And from the westernmost of the two piers you could directly admire the smaller, even more western, even more private pier, reserved for the exclusive use of guests of the Vivamayr villa (which costs 3,750 euros per night). My fellow regular guests and I squinted at the private villa dock and tried to discern the facial features, or even age, of the woman we saw there. (Impossible.) Constantly, people looked at each other to see if someone was a celebrity. As beautiful and expensive as Vivamayr was, almost everyone knew of an even more beautiful and expensive place, where even the wealthiest people could pay for similar services; I heard so much about these places that I eventually found myself thinking of Vivamayr as their rundown, dumpy cousin. Was this, I wondered, the key to Vivamayr’s success? Can the ultra-rich only be convinced of the program’s validity if their destination is somehow less than ideal?
When I had recounted my relentless pursuit of sweetness to my doctor Vivamayr, his eyes glittered like polished sugar on supermarket biscuits cut into seasonal shapes. “I have something in mind,” he said at our first meeting: “Functional MioDiagnostics” tests for “food intolerances”. I had no idea what the hell it was; it sounded great.
On the appointed afternoon I climbed the steep, sunlit stairs to his office. He told me to lie down on an exam table. I had to use my thigh muscles to move my knee towards my head, overcoming its slight pressure as it pushed my knee in the opposite direction. I moved it easily. He started dabbing very small bits of substances onto my tongue with the help of a wooden depressor. After each crumb deposit, I was told to repeat the knee-to-head maneuver. If my tongue encountered a substance that my body “didn’t like,” the doctor said, my muscles would weaken for up to 20 seconds, before recovering. This way it would identify allergies, weaknesses and deficiencies in my diet. I moved my knee without any difficulty until she deposited a very fine white powder on my tongue; suddenly, I could barely push myself against her. “That’s actually what I thought,” he said.
My muscles had reacted badly to a few crumbs of yeast, the doctor reported, which meant my sweet tooth was caused by a fungal infection in my intestines. The microorganisms of the infection, he explained to me, lived on sweets and I fed them constantly. “We have to starve him,” the doctor said, referring to the thing growing inside me. “You know what that means: no sweets. No yeast. I would also have to take medication.
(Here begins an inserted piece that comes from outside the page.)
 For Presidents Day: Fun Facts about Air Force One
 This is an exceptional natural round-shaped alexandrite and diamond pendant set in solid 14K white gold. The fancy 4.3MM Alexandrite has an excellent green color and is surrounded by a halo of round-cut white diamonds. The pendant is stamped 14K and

I was baffled. What I had thought was my preference was apparently the insatiable appetite of a foreign invader. “What could cause this?” I asked. The doctor believed I had this infection “for a long time”; maybe it arose from an antibiotic I took at some point in childhood, he said. She was “absolutely amazed” that my body had not been further ravaged.
I wasn’t ready to give up sweets just because decades earlier I’d lost control of myself to an alien fungus that had taken control of my mind in its relentless pursuit of sugar. Since I was fine with the infection, I wondered aloud, wasn’t there a risk that if I tried to eradicate it, my body chemistry would spiral out of control? The only risk, the doctor said, was to continue to let it thrive unchecked. “It could interfere with your intestines” if you kept it “too long,” he said. “It could actually damage your intestines. And your sugar cravings will never end.” If I could eradicate the infection, he added, my digestion, which was already good, could, in some way, improve even further.